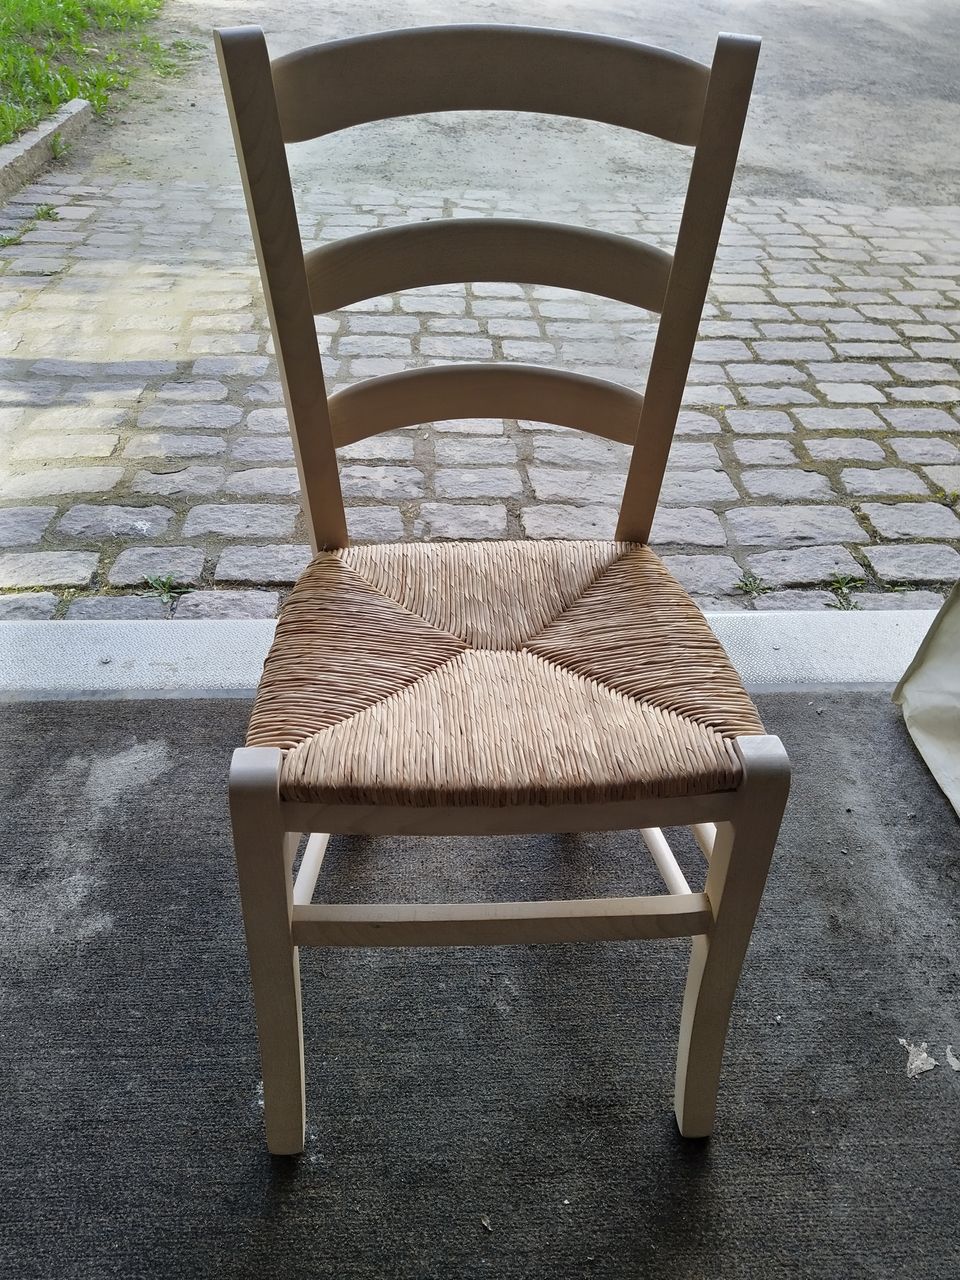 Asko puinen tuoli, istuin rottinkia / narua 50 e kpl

※

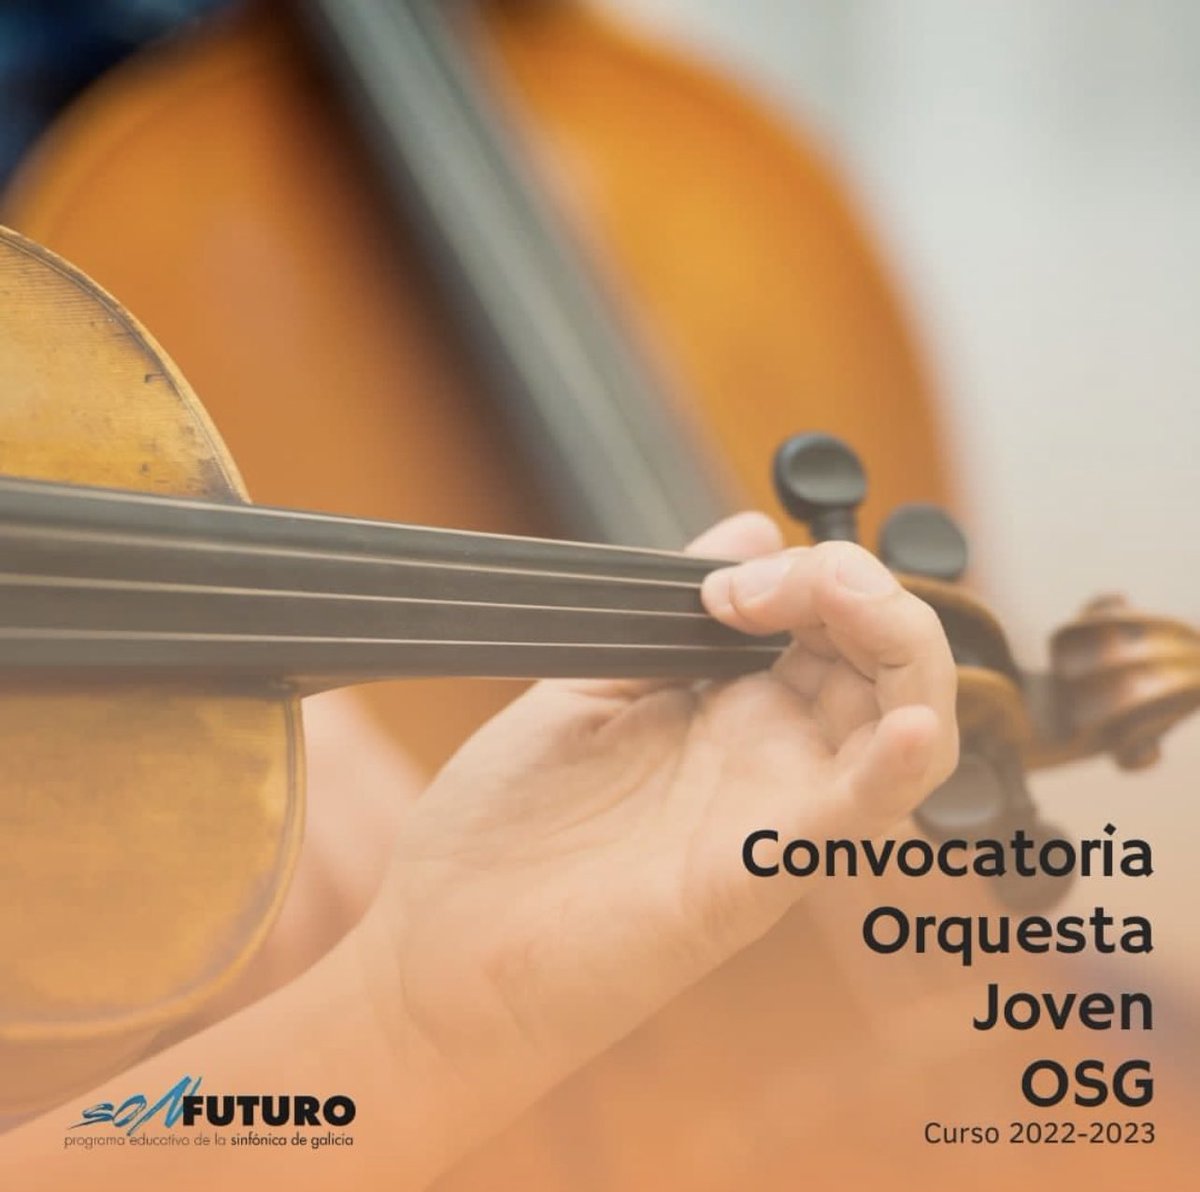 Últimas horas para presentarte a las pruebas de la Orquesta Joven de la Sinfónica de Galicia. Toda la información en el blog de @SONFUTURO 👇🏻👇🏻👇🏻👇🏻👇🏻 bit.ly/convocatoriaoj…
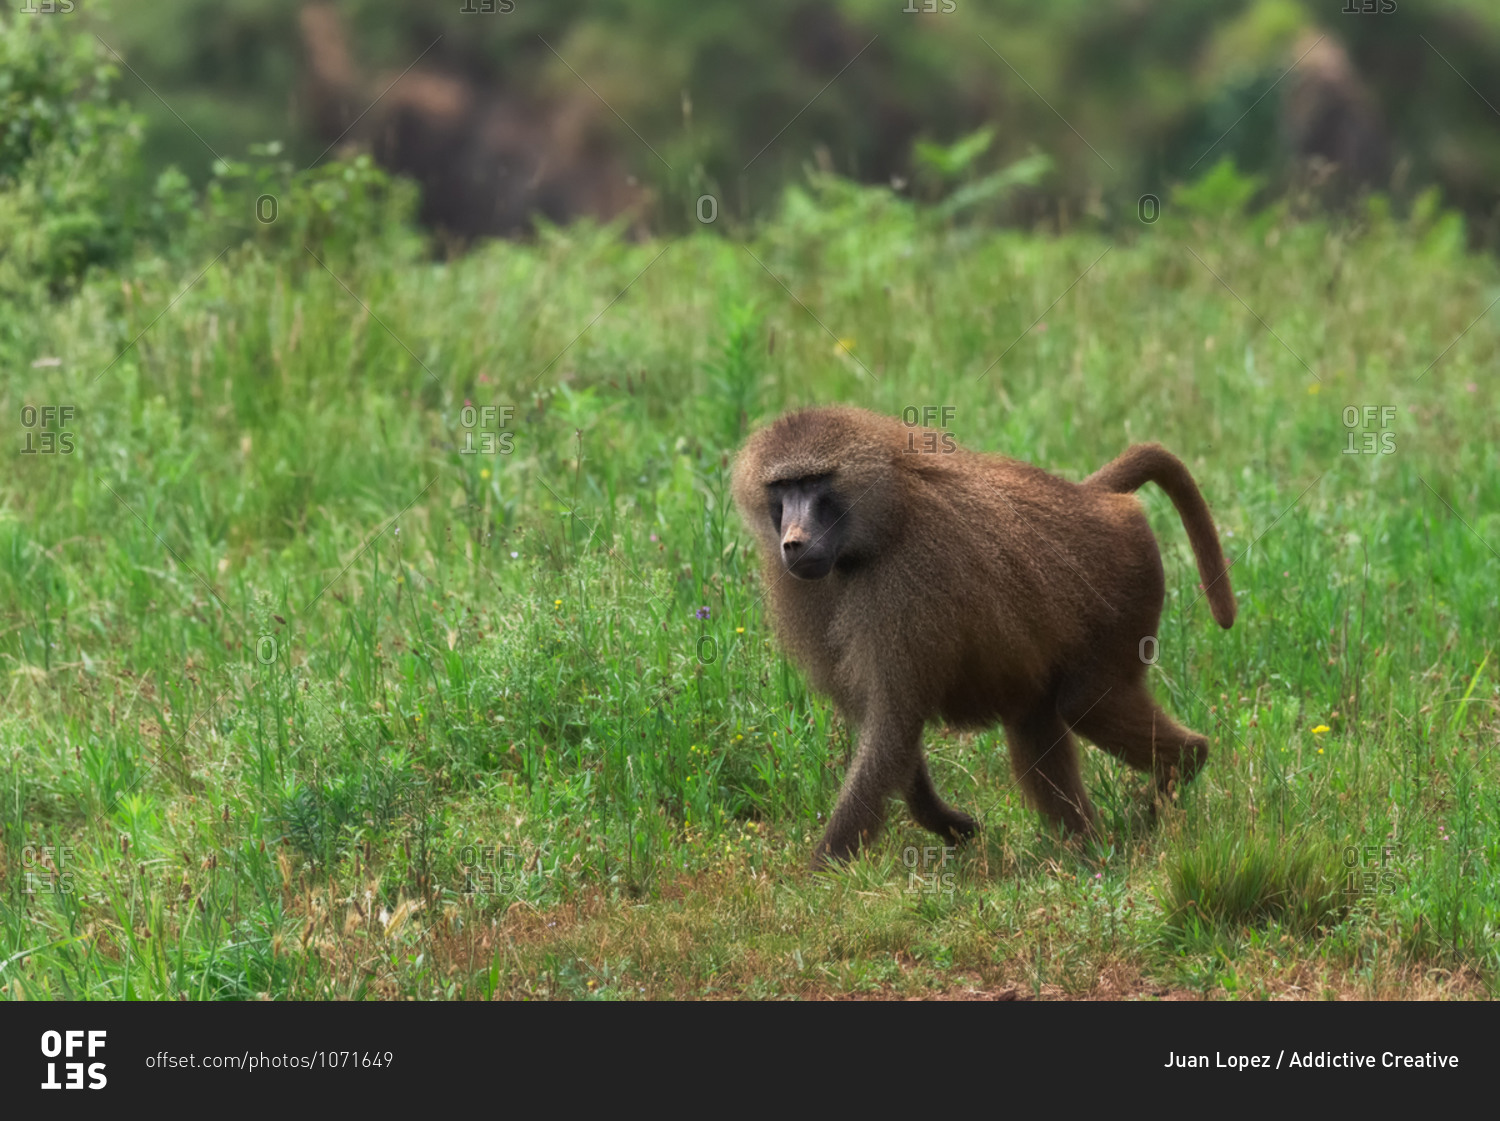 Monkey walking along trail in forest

※

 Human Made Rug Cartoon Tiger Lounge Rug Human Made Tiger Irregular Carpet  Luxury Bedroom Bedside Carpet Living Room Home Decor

※

• Problem statement: Everything between and including the line above containing "Últimas horas para" and the line containing "Monkey walking along trail in forest" should be reproduced exactly, with pictures excluded.

• Solution to this problem:
 Últimas horas para presentarte a las pruebas de la Orquesta Joven de la Sinfónica de Galicia. Toda la información en el blog de @SONFUTURO 👇🏻👇🏻👇🏻👇🏻👇🏻 bit.ly/convocatoriaoj…
 Monkey walking along trail in forest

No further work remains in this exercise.